I have picked iOS as a mobile development platform for many reasons:
- Writing code with Swift : Swift is closer to CLAIRE than Java, and moving from CLAIRE to Swift was easier.
- iPhones are more popular with the intended market target for a self-tracking application.
- The UI libraries are more integrated and the Apple guidelines makes it easier for me (I am an "algorithm geek" with close to none UI experience)
- Xcode is a wonderfully integrated tool, which is very convenient for someone like me who has many lives and very little time for my "pet software development projects" however exciting they might be.
I learned about mobile app development from many sources:
- I attended a few MOOC, namely the Stanford one (CS 193A)
- I bough a couple of technical books - they were instrumental to my success :)
- I spent a lot of time on StackOverflow !
The key areas that I had to master:
- How to design a graphical UI with native features (as opposed to the XCode UI library). The most critical component is the horizontal/vertical slider that makes entering data more efficient.
- HealthKit integration. Knomee imports data from trackers (e.g. Apple Watch) or other sources of data that are integrated into HealthKit
- Geolocation, iCloud, and a few other Apple services.
3. Machine Learning with EMLA
This last part is the more "research" oriented one, and a follow-up on previous research themes from the last 15 years.
EMLA stands for Evolutionary Machine Learning Agents, and is a child of GTES that was developed the previous years.
There have been three steps with the development of ML for Knomee:
- 2016 was the year to develop a first version of EMLA, that inherited from old work done 15 years ago when trying to forecast TV audience, while also reusing the algebra framework for "Learning hybrid algorithms for vehicle routing problems".
- 2017 was spent improving the robustness of forecasting, as more data became available. It became clear that the 2016 approach was influenced too much by my OR background and suffered badly from overfitting. I introduced regularization and simplified the algebra a little bit. I moved away from the "genetic" evolutionary algorithm of 2016 (stationary and too complex) and implemented RIES (Randomized Incremental Evolutionary Search) as as simpler (and incremental) alternative.
- 2018 is the last piece of the opus. Because the application has been available on the app store and running well for a year, I have accumulated more data. I have further simplified the algebra, the randomized algorithm and added new forms of control for algebra terms generation ... which turned out to be a bad idea.

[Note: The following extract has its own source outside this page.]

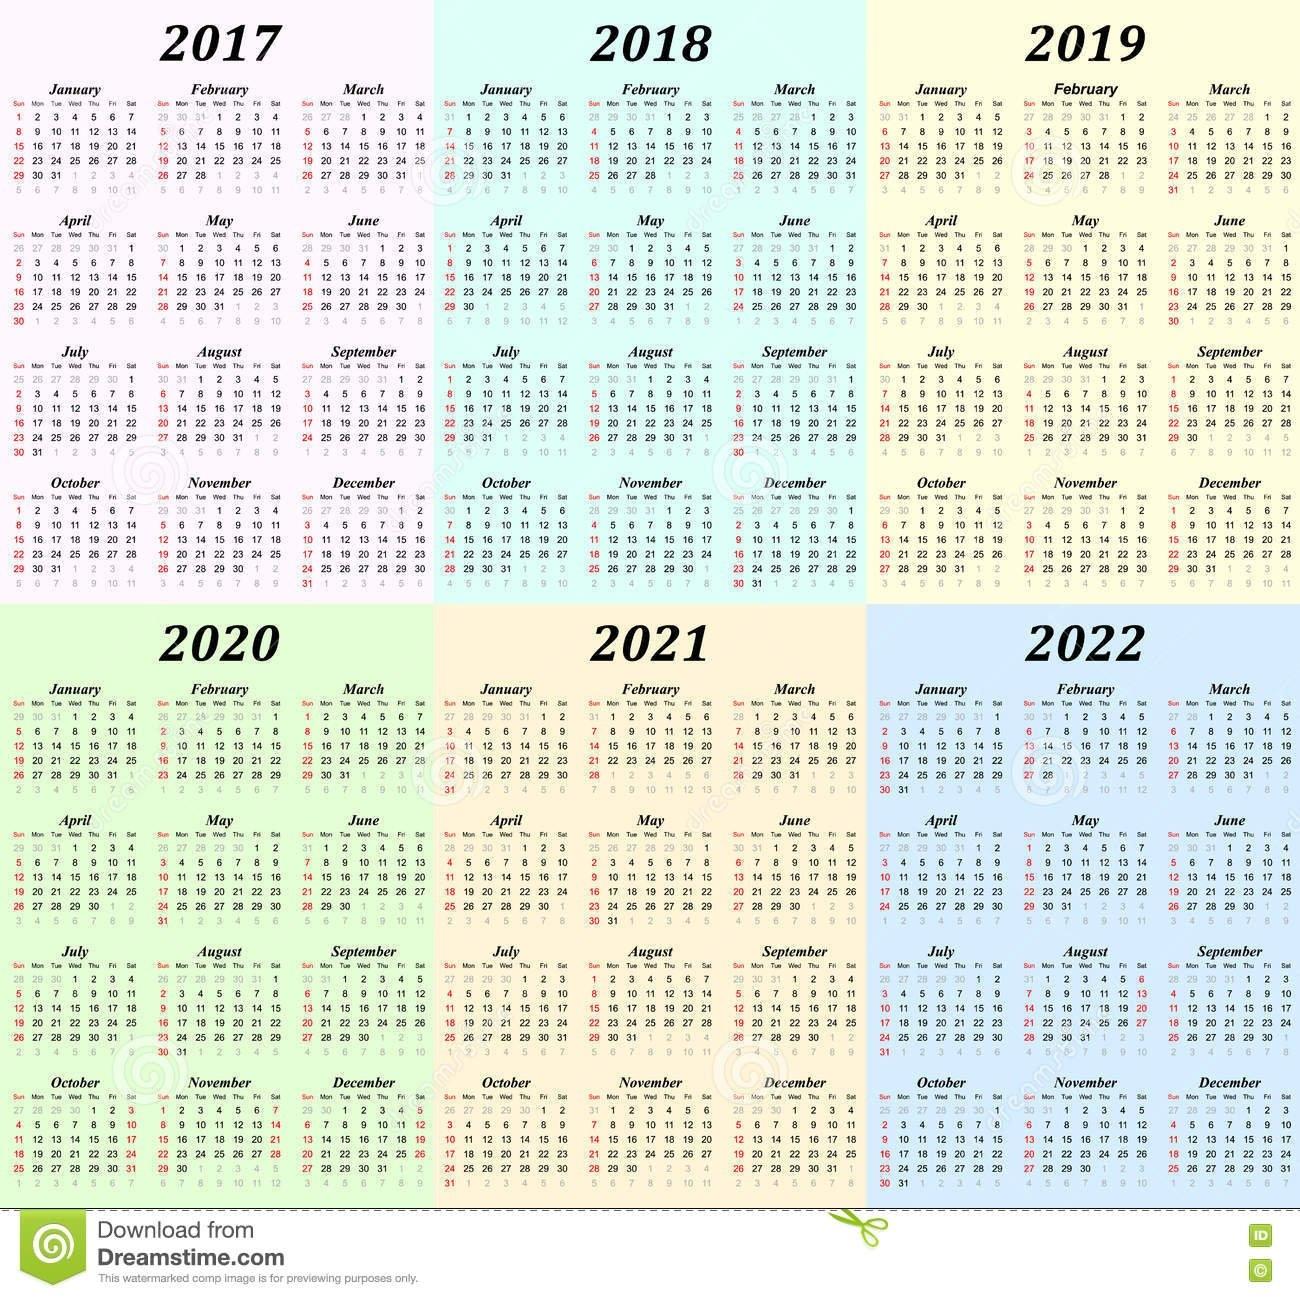 5 Year Calendar 2019 To 2023 – Littledelhisf 5 Year Calendar 2019 To 2023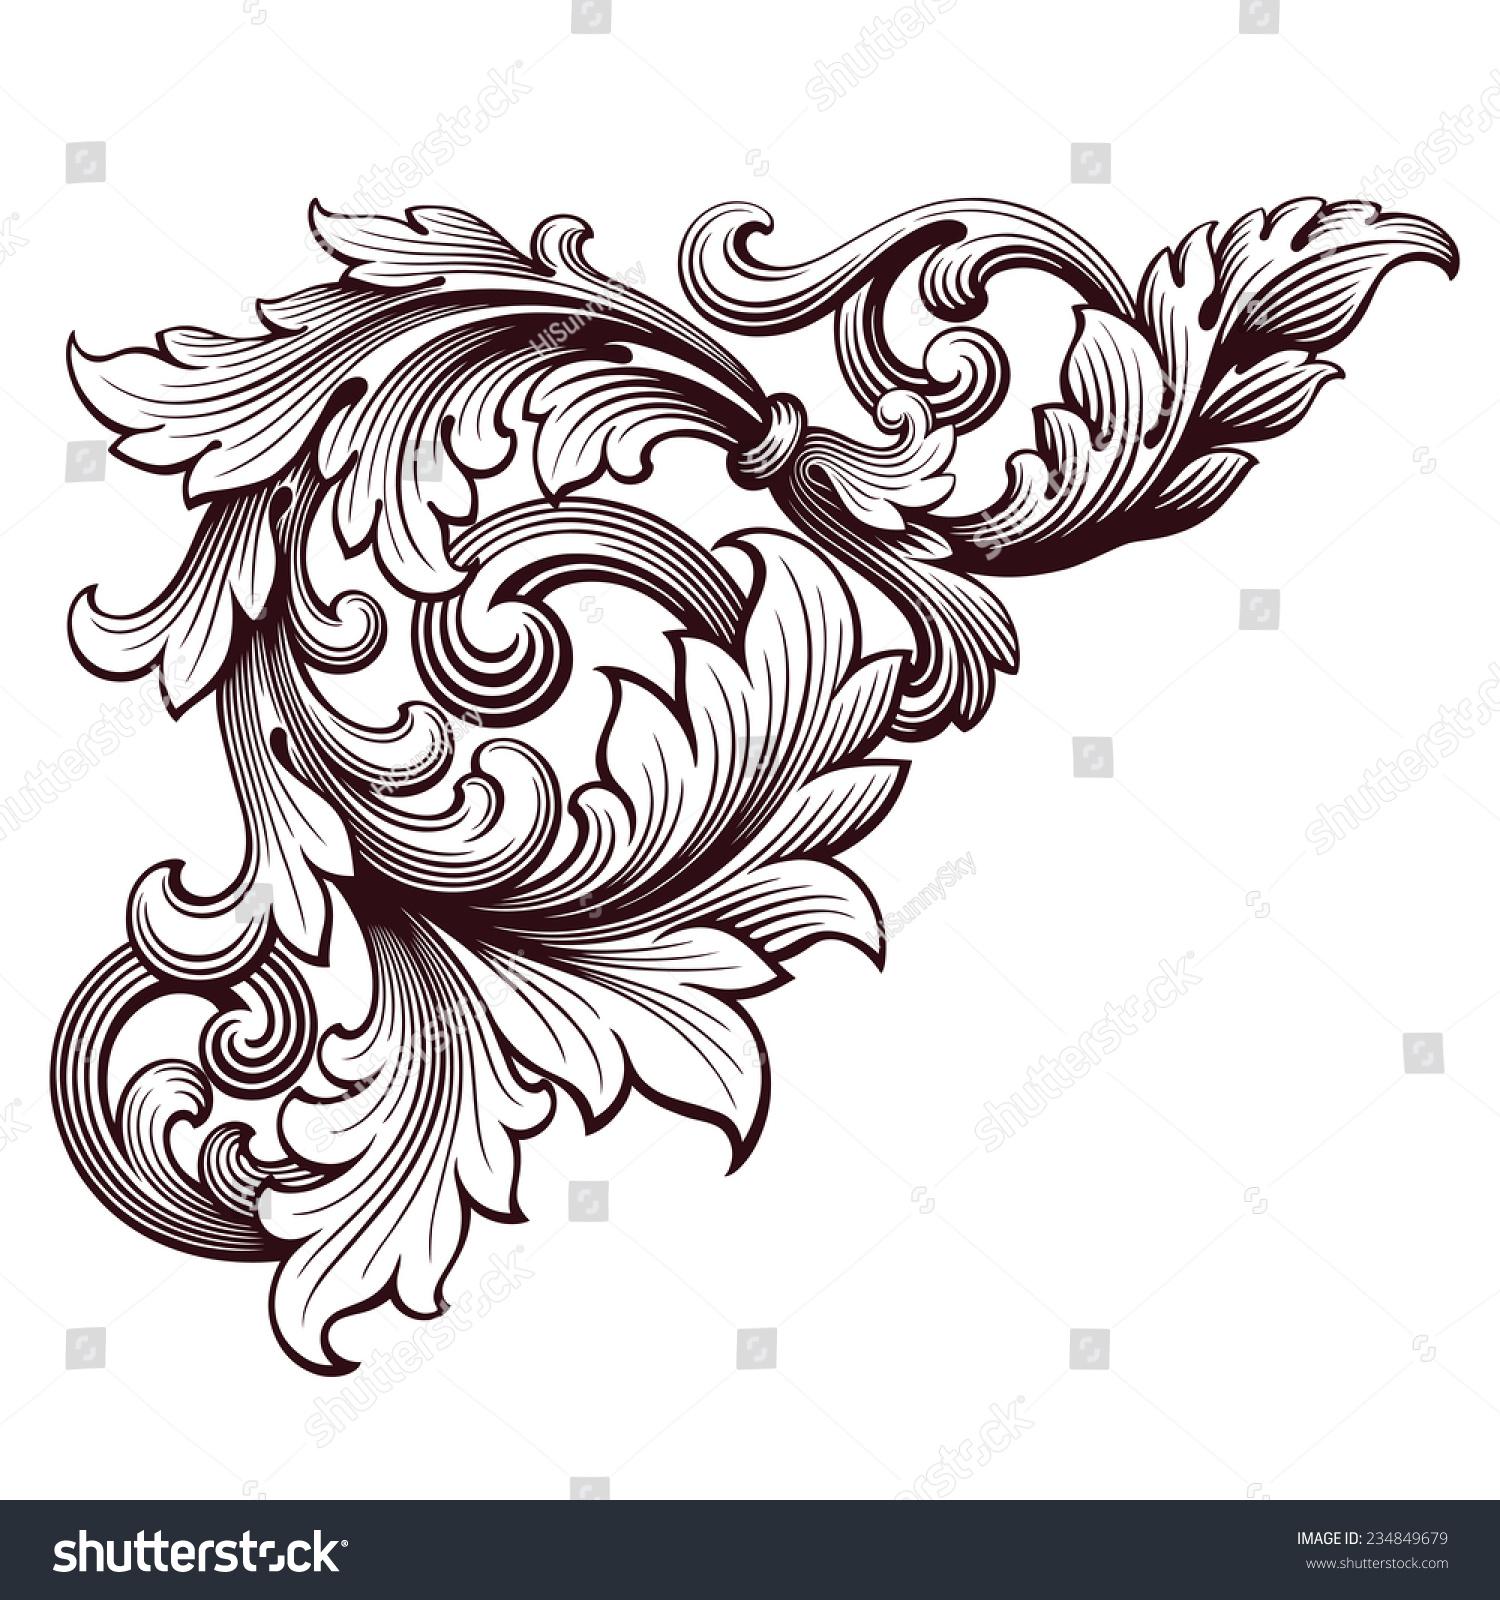 vintage baroque scroll design frame corner pattern element engraving retro style ornament

The cornerstone contribution was the development of ITP (Iterative Training Prototol) which is how I evaluate the various ML algorithm. This is nothing more than simulating a Knomee's user sequence of sessions : I feed the incremental algorithms with a sequence of measures and see how good their forecast is (based on the previous data from the past).
I have also implemented three classical algorithms to compare with the variants from EMLA: Linear Regression (using time features), k-means clustering, and ARMA (AutoRegressive Moving Average). The good news is that EMLA does better, the bad news (but not surprising) is that the forecasting performance (when supported by the data series) is weak.
My goal is to write a research paper this year to summarize these three years of experience with Quantified Self Machine Learning.